Prism Skylabs of San Francisco is a cloud service that can take a retailer's existing store video cameras and turn them into a merchandising and customer traffic tool, accessible from any device, including smartphones and tablets, according to the company.

Through Prism, a retailer can look in on their stores from anywhere with access to the Internet - or a 3g or 4g cellular network - and monitor things like how long customers are waiting in line, whether the store opened on time and where in the showroom consumers are spending the most time.

Among the images in reports to retailers are "customer dwell time," computer-enhanced photos of spaces in a store that are marked with colors indicating the amount of time consumers are spending in a specific area (the more red, the more time spent).

The service gives bricks-and-mortar retailers the same type of analytic tools that until recently, "have only been available to online businesses," said David Klein, Prism Skylabs director of communications.

"For our customers, this is a big deal," Klein said, adding that Prism gives them "an everyday tool to optimize marketing, merchandising and operations, and build a better customer experience across all stores." It does this by enabling retailers to see quickly what types of displays are working and capturing customer attention and what items consumers are brushing by.

Klein said the serve is "disruptively priced" at $10 per month per camera.

"We are currently in talks with a handful of furniture customers, but we are not yet in a furniture store," he said. Current Prism customers include Famous Footwear and T-Mobile stores.

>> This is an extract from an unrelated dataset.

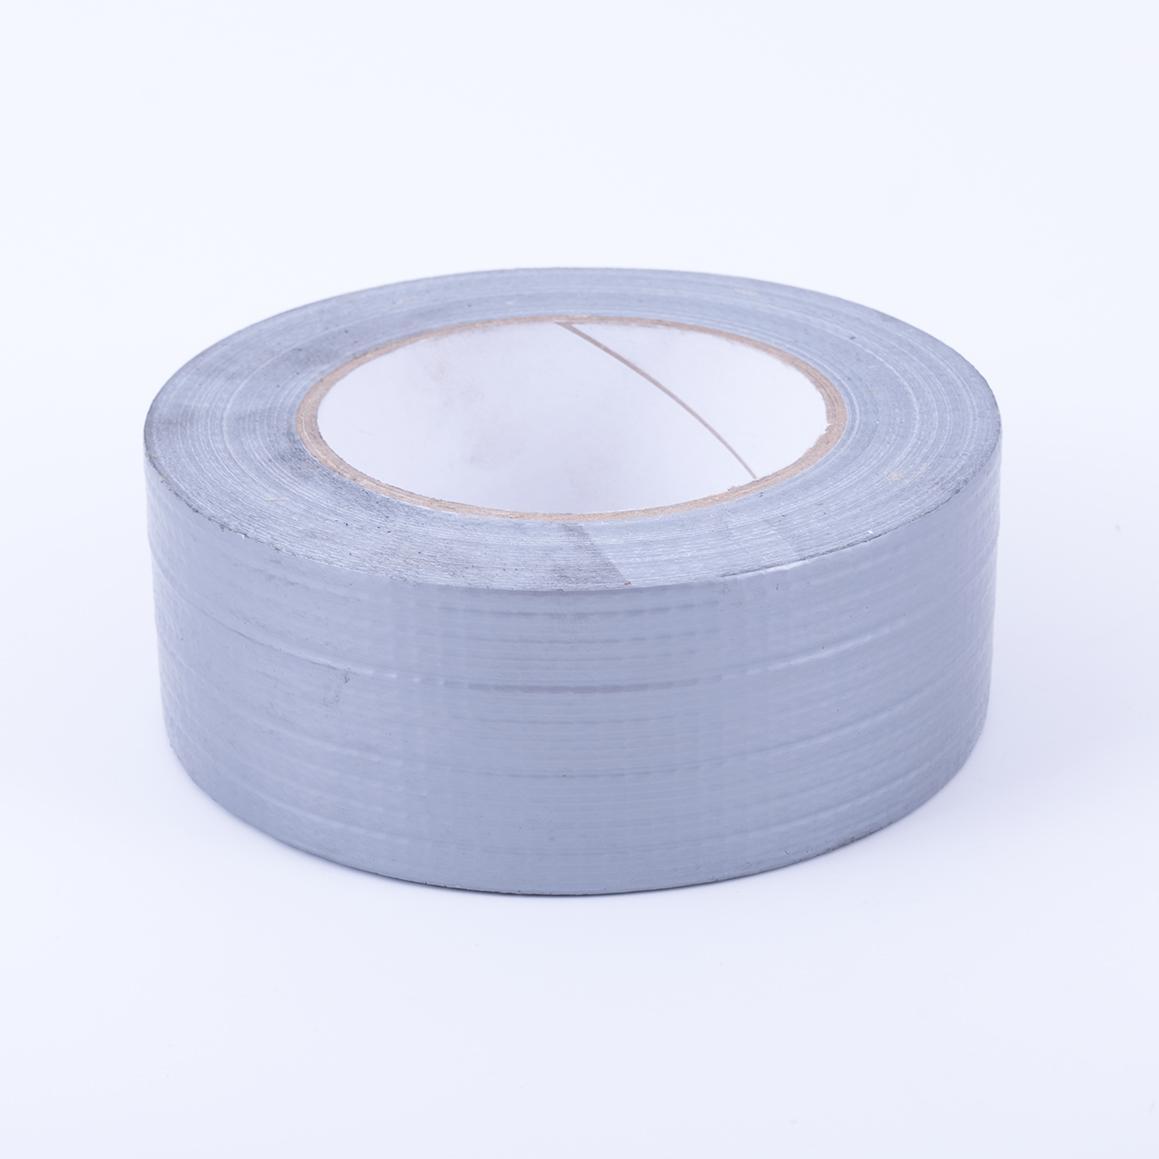 Formwork Foam & Tapes

Arlington Heights, Ill.-based Infinite Peripherals makes devices that enable mobile point-of-sale checkouts, among other things. Its Infinea Tab adds barcode and QR code scanners and a magnetic strip reader to Apple iPads, so retail salespeople can check out customers on the sales floor instead of sending them to a register.

Sales receipts can be emailed, or printed in-store from a wireless printer.

The Infinea Tab and other products designed for iPhones and iPods are used in Apple stores and retailers such as Nordstrom, Urban Outfitters, Barney's New York and REI. A couple of major retailers that sell furniture are in the process of deploying the mobile products in their shoe department and eventually will move to furniture, said Infinite Peripherals CEO and co-founder Jeff Scott.

In addition, the company is talking to various furniture companies - retailers as well as suppliers - looking to equip their sales staffs with the Infinea Tab.

"We've seen the engagement model moving from, ‘Here's your product, go stand in line and wait to check out,' to a more engaging, staying with the customer from start to finish," Scott said.

He said that change is leading to reductions in transaction and wait times as well as increases in the average ticket.